= Aromatic amine =

Organic compound made of an aromatic ring bound to an amine

In organic chemistry, an aromatic amine is an organic compound consisting of an aromatic ring attached to an amine. It is a broad class of compounds that encompasses anilines, but also many more complex aromatic rings and many amine substituents beyond NH2. Such compounds occur widely.

Representative aromatic amines
| Aromatic ring | Name of parent amines | Example |
| benzene | aniline | substituted anilines |
| phenylenediamines | the antioxidant p-phenylenediamine |
| toluene | toluidines | the pharmaceutical prilocain |
| diaminotoluenes | the hair dye ingredient 2,5-diaminotoluene |
| naphthalene | naphthylamines | the dyes Congo red and Prodan |
| pyridine | aminopyridines | the drug tenoxicam |
| pyrimidine | aminopyrimidines | the nucleobase cytosine |
| quinoline | aminoquinolines | the drug primaquine |
| purine | aminopurines | the nucleobase guanine |
| acridine | aminoacridines | fluorescent dyes |

Aromatic amines are widely used as precursor to pesticides, pharmaceuticals, and dyes.

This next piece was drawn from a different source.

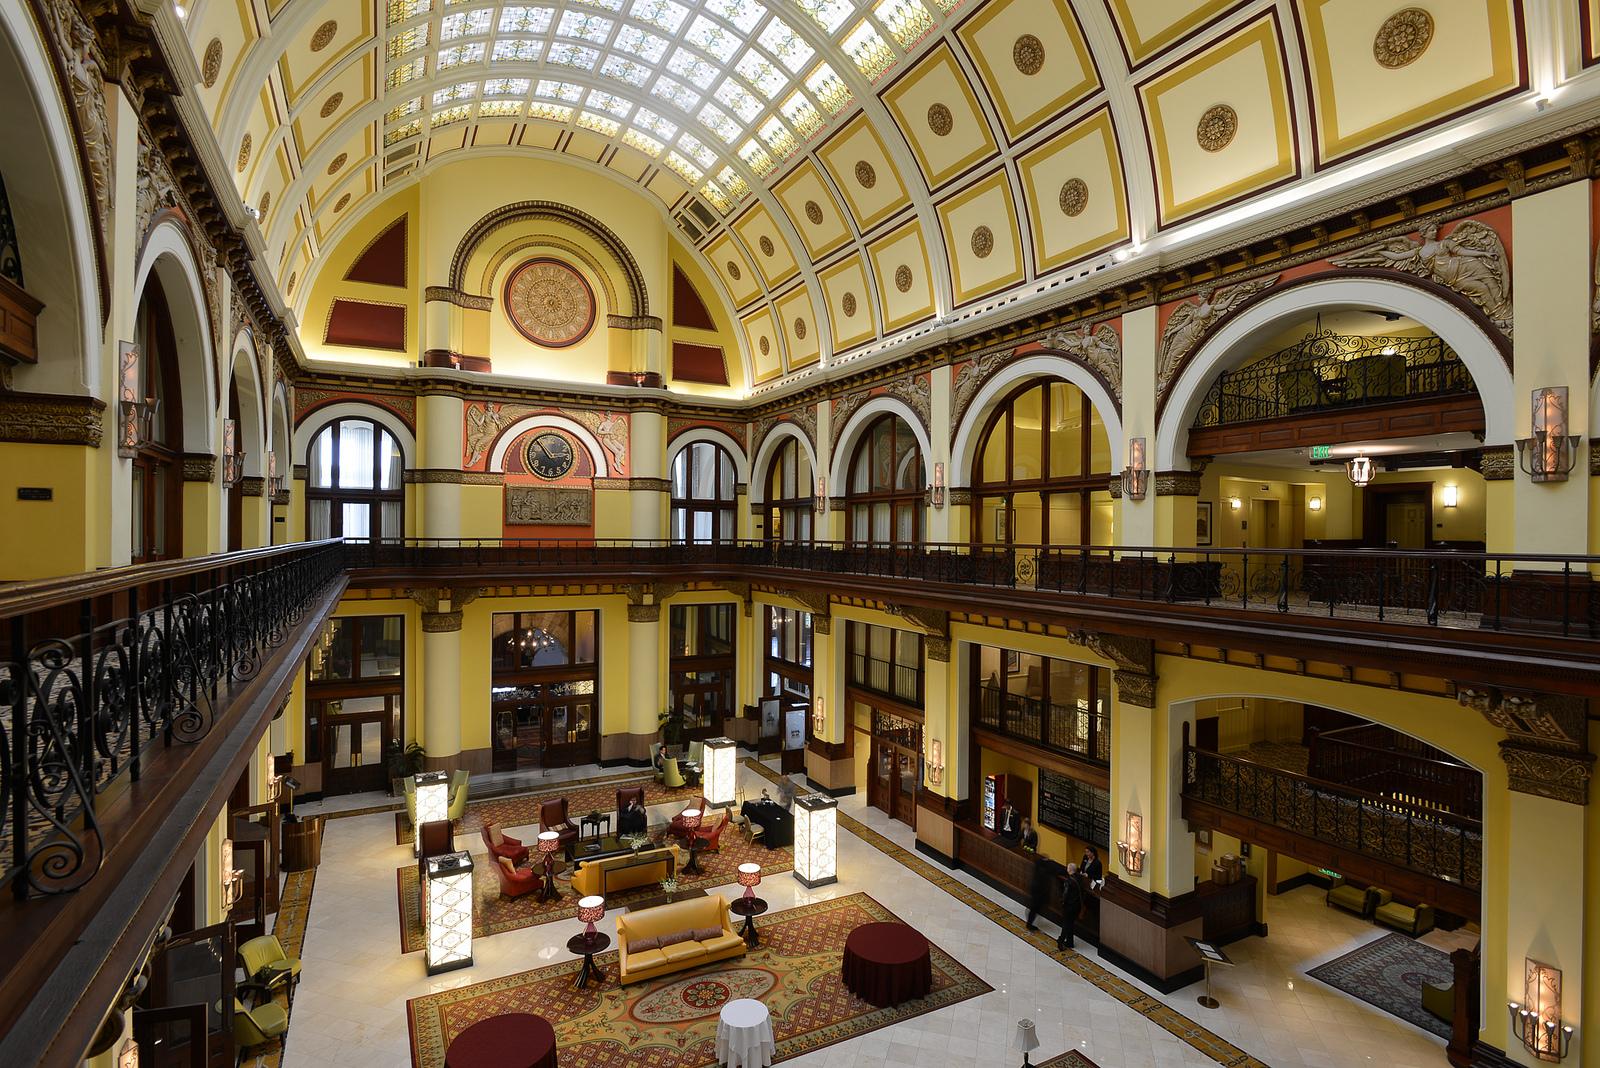 Uniton Station Hotel in Nashville, TN.

== Aromatic amines in textiles ==

Since August 2012, the new standard EN 14362-1:2012 Textiles - Methods for determination of certain aromatic amines derived from azo colorants - Part 1: Detection of the use of certain azo colorants accessible with and without extracting the fibres is effective. It had been officially approved by the European Committee for Standardization (CEN) and supersedes the test standards EN 14362-1: 2003 and EN 14362-2: 2003.

The standard describes a procedure to detect EU banned aromatic amines derived from azo colorants in textile fibres, including natural, man-made, regenerated, and blended fibres. The standard is also relevant for all coloured textiles, e.g. dyed, printed, and coated textiles.